- Born: Nelson Wilmarth Aldrich Jr. April 11, 1935 Boston, Massachusetts, U.S.
- Died: March 8, 2022 (aged 86) North Stonington, Connecticut, U.S.
- Education: Fay School St Paul's School Harvard College

= Nelson W. Aldrich Jr. =

American editor and writer (1935–2022)

Nelson Wilmarth Aldrich Jr. (April 11, 1935 – March 8, 2022) was an American editor and author. He was noted for writing Old Money: The Mythology of Wealth in America (Alfred A. Knopf, 1988; Allworth Press, 1996), Tommy Hitchcock: An American Hero (Fleet Street Corporation, 1985), as well as George, Being George (Random House, 2008), the story of author and socialite George Plimpton.

==Early life==
Aldrich was born in Boston, Massachusetts, on April 11, 1935. His father, Nelson Aldrich III, worked as an architect and was chairman of the Institute of Contemporary Art, Boston; his mother was Eleanor (Tweed). They divorced when Aldrich was three years old. His great-grandfather, Nelson W. Aldrich, was a leader of the Republican Party in the Senate and fundamental in the founding of the Federal Reserve banking system in the United States. Aldrich initially attended the Fay School, before going to St. Paul's School in Concord, New Hampshire. He then studied American history and literature at Harvard College, where he was a member of the Porcellian Club and edited i.e., the Cambridge Review. He graduated in 1957, and went on to attend Sciences Po in Paris in the fall of that same year.

==Career==
After relocating to Paris, Aldrich was asked by Robert B. Silvers to succeed him at The Paris Review. Silvers―whom Aldrich complimented for having the "patience of Job when it came to explaining anything"—consequently mentored Aldrich, who eventually became the magazine's Paris editor. Upon returning to the US, he taught at a public school in Harlem. He also worked as a reporter for the Boston Globe and was a frequent contributor to publications such as Vogue and Harper's. He subsequently became the senior editor of the latter publication and editor-in-chief of Civilization, the Library of Congress magazine. He taught at Long Island University and City College of New York, produced a television program, and was employed as a lobbyist.
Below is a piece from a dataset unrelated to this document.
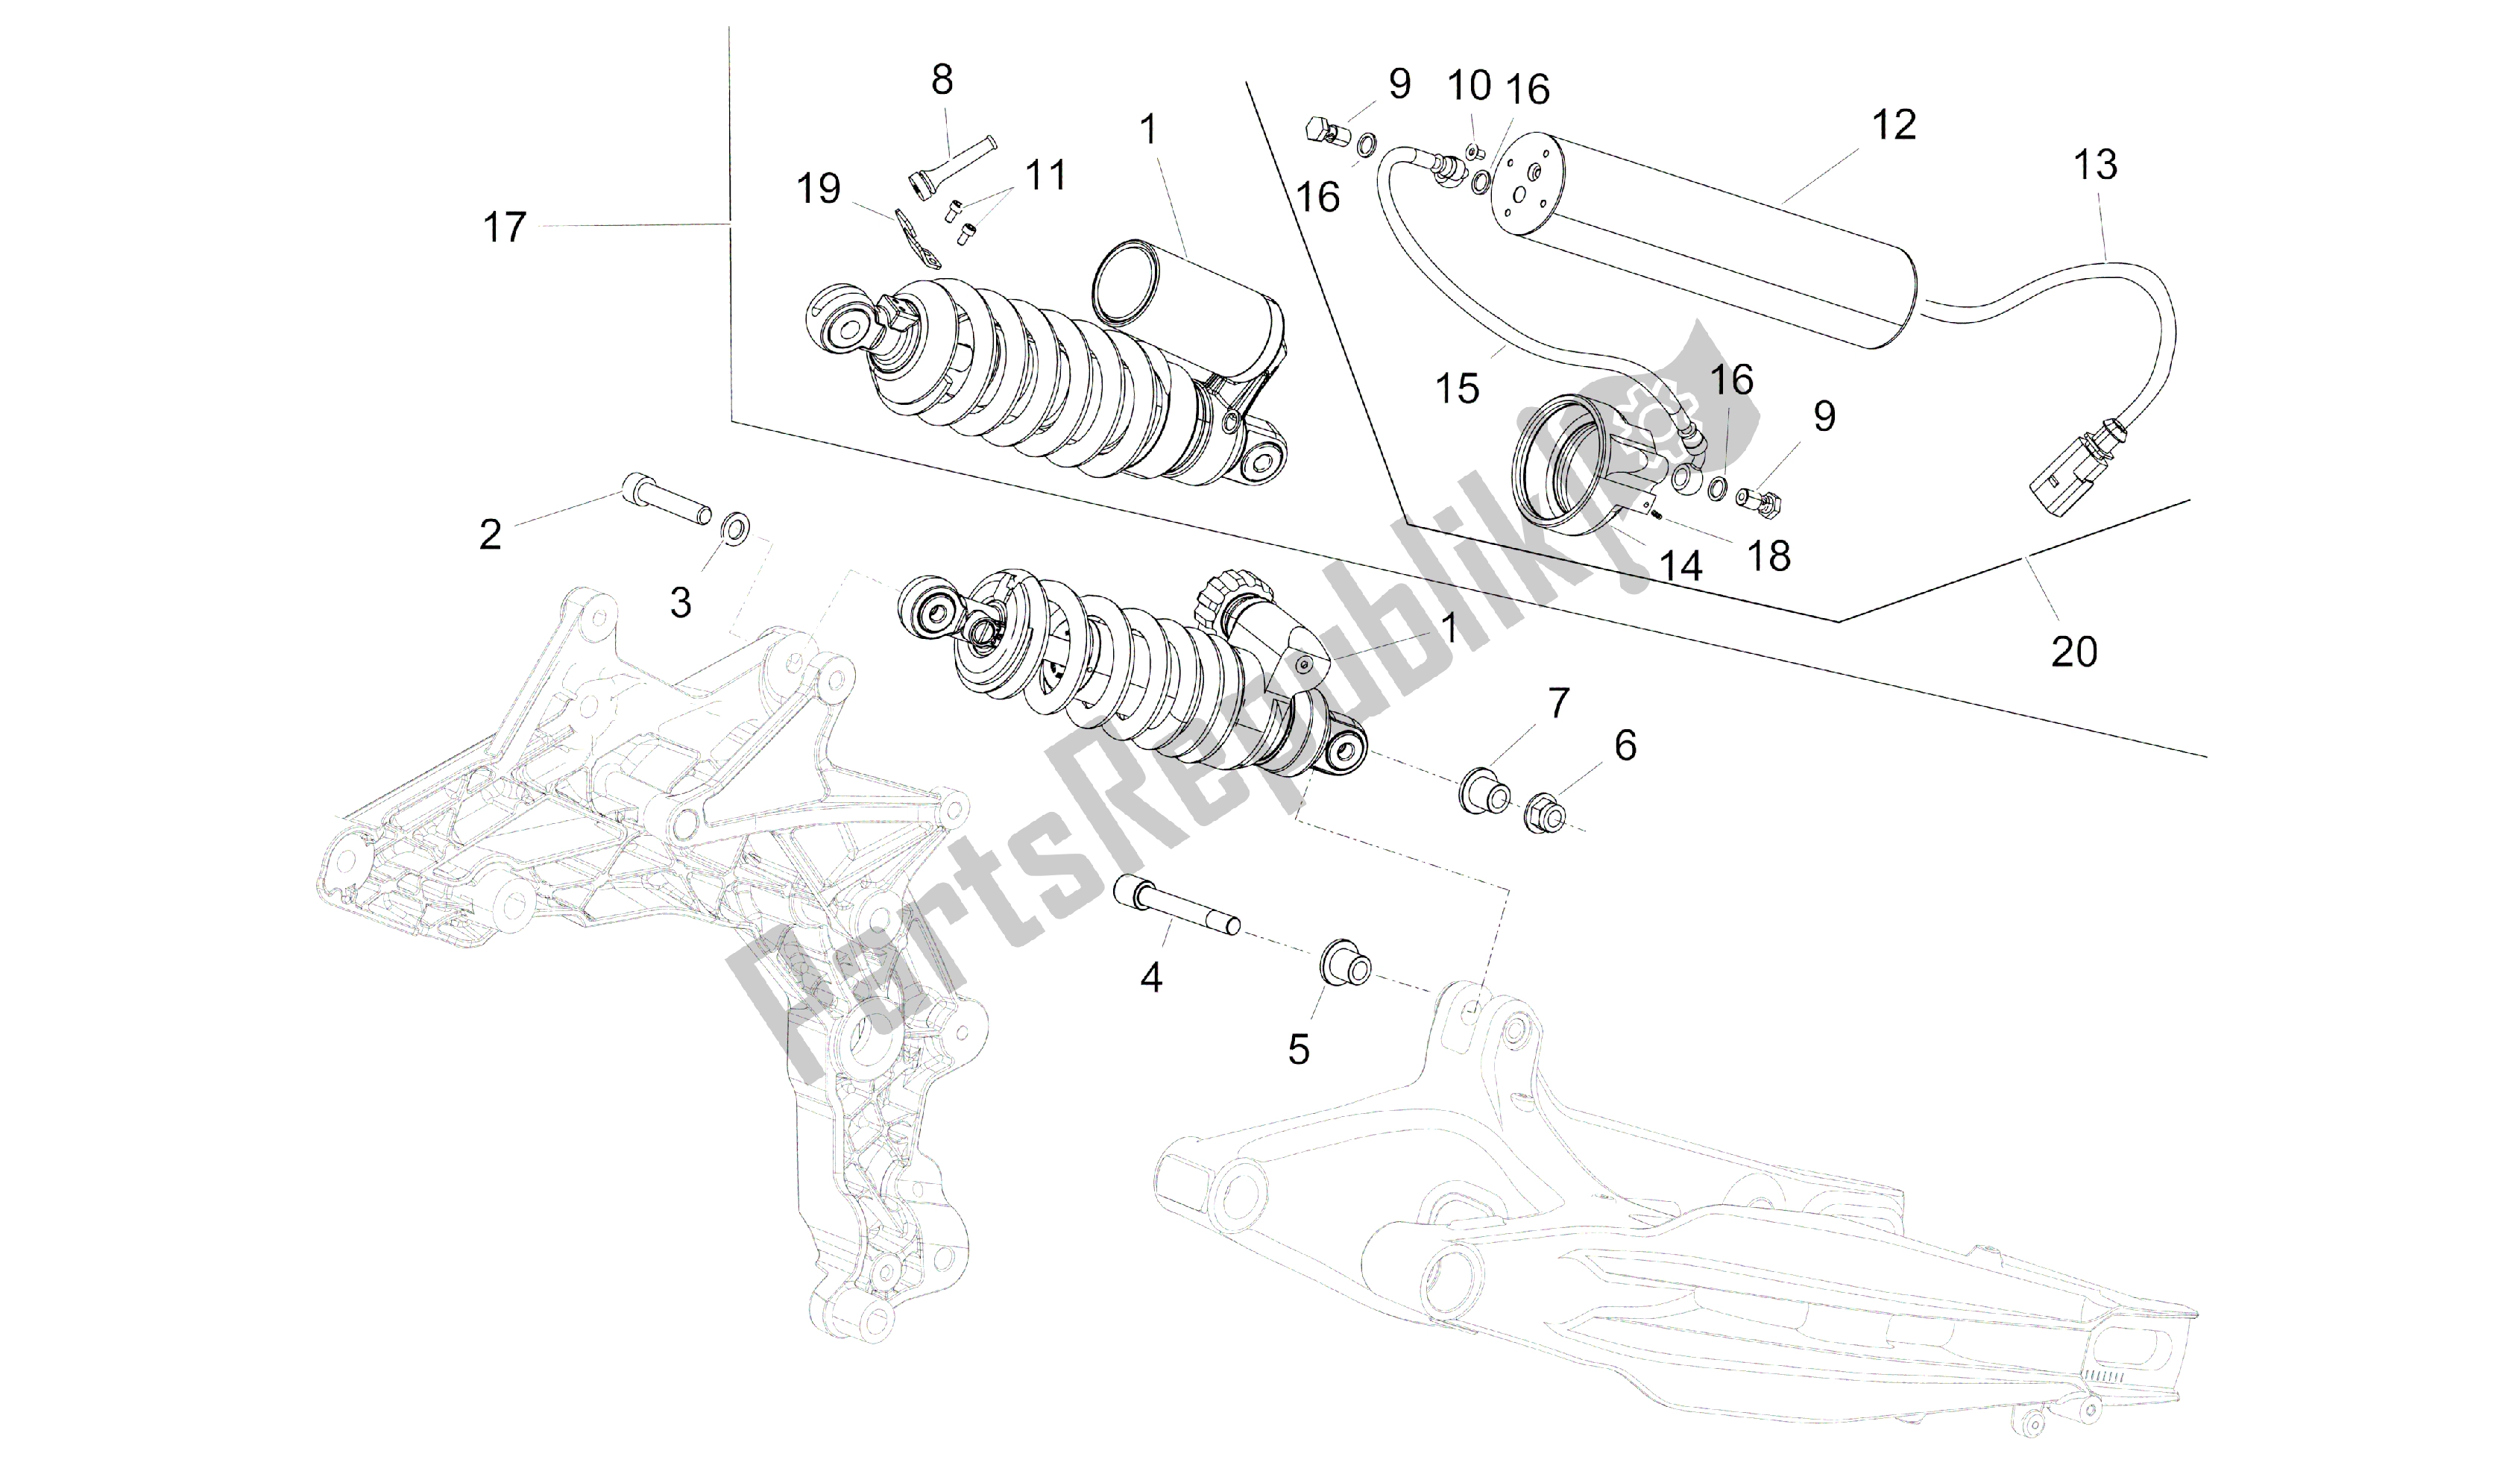 All parts for the Shock Absorber of the Aprilia Caponord 1200 2013 - 2015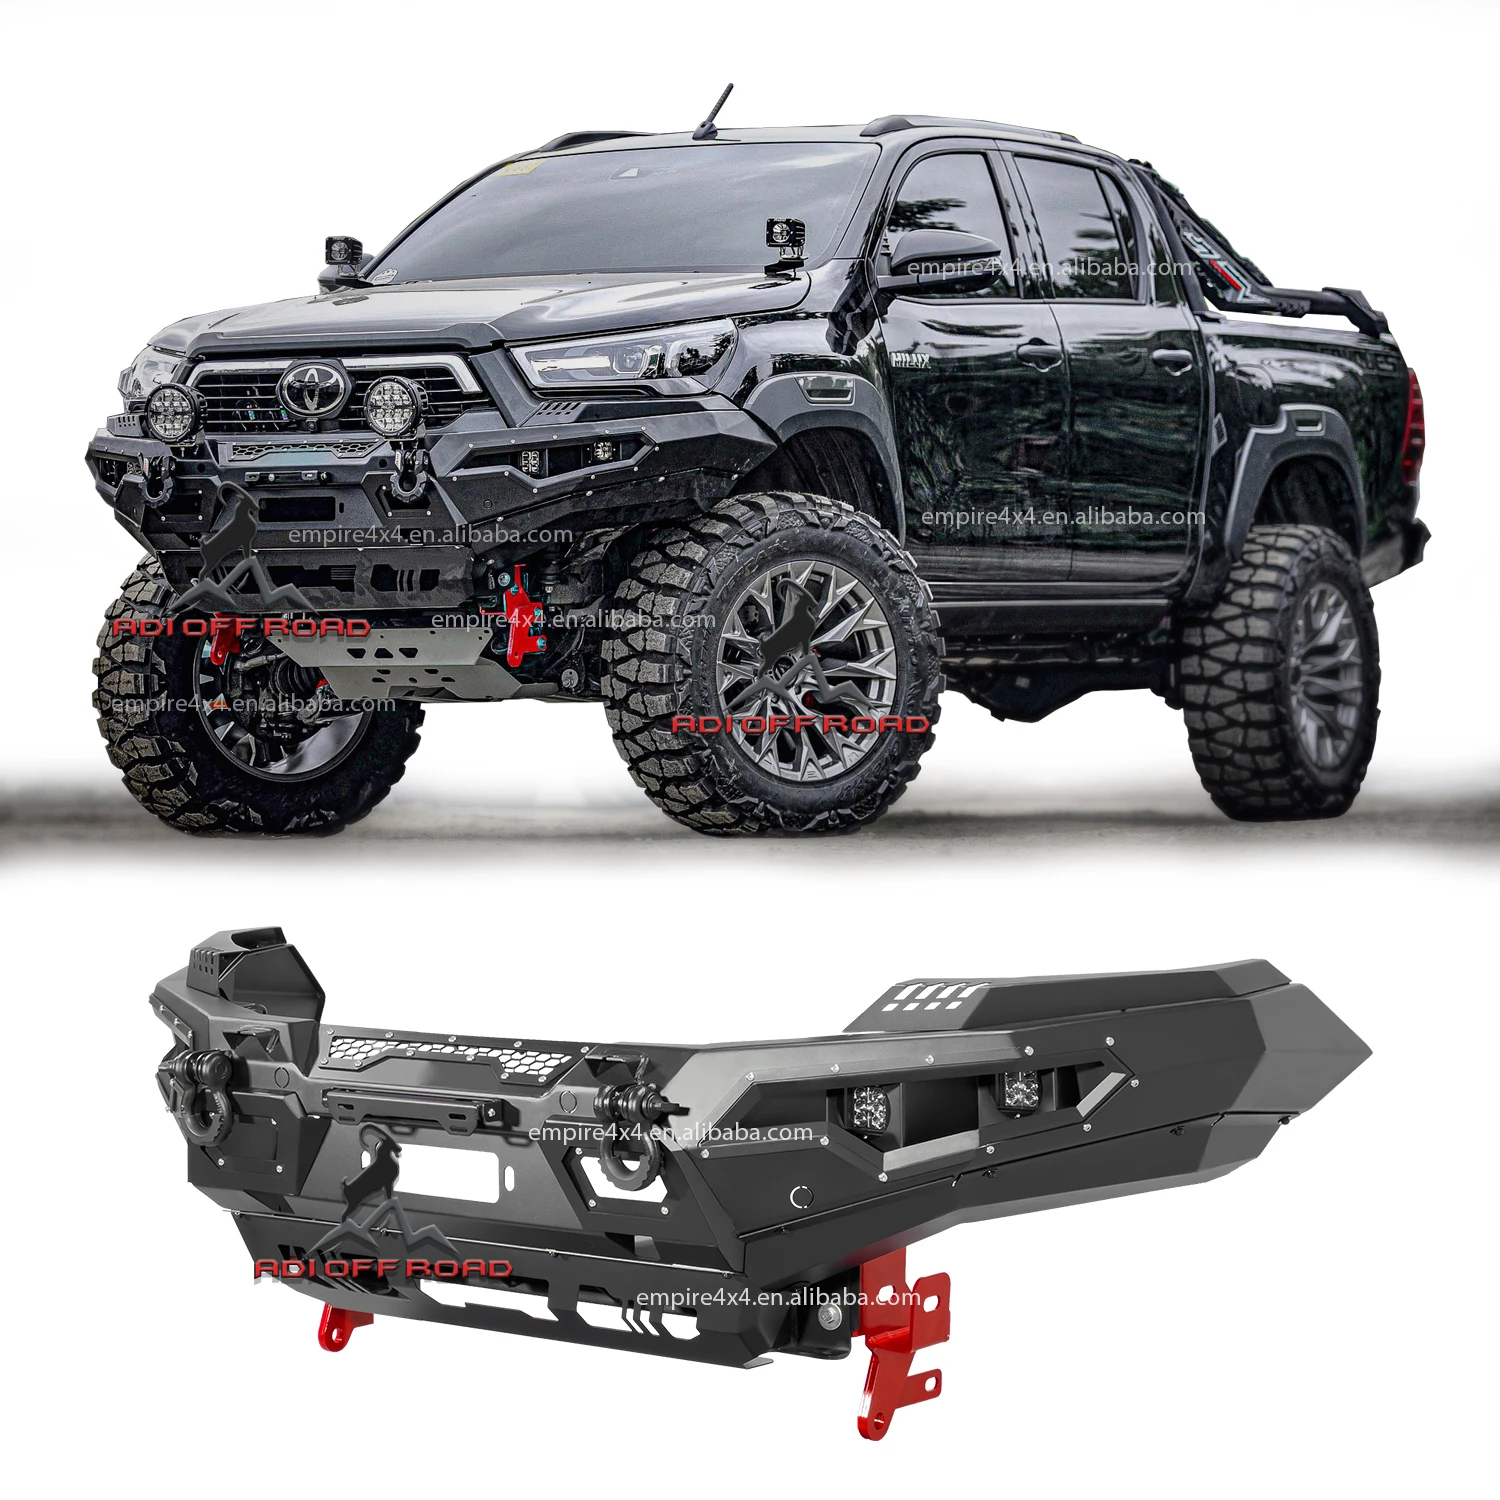 

Top 4x4 Pickup BULL BAR Steel front bumpers rear bumpers for -toyota hilux revo rogue Conquest vigo revo rocoo 2021 2022 2023

Aldrich wrote the cover story to a January 1979 issue of the Atlantic, titled "Preppies: The Last Upper Class?" A decade later, he authored the book Old Money: The Mythology of Wealth in America. Fellow author Adam Hochschild characterized the work in the Los Angeles Times, calling it "as thoughtful a psychological portrait of America’s aristocracy as we have." Moreover, Jane O’Reilly in the New York Times Book Review described it as a "self-help book for those who have too much." Aldrich's daughter later recounted how he was spurred to write on the subject "by a need to understand, uncover, and explain to others the class he was born into."

Aldrich also penned a biography on Tommy Hitchcock Jr. that was published in 1985. He was awarded the Guggenheim Fellowship in 1989, in the field of study of general nonfiction. He later edited the book George, Being George (2008), an oral biography about his fellow literary journalist George Plimpton. The narrative was told via first-hand accounts, with Aldrich and seven other contributors interviewing 374 individuals connected to Plimpton.

==Personal life==
Aldrich's first marriage was to Anna Lou Humes. Together, they had one child (Liberty). He also adopted one of her four daughters from her previous marriage (Alexandra). They separated in 1981 and eventually divorced. He nonetheless dedicated Old Money to her, crediting her with having "always propped up my morale". He later married Denise Lovatt, with whom he had one child, Arabella. They remained married until his death. He also had another child (Alexander) from his relationship with Gillian Pretty Goldsmith, whom he met during his sojourn in Paris.

Aldrich died on March 8, 2022, at his home in North Stonington, Connecticut, a month before his 87th birthday. He suffered from Parkinson's disease prior to his death.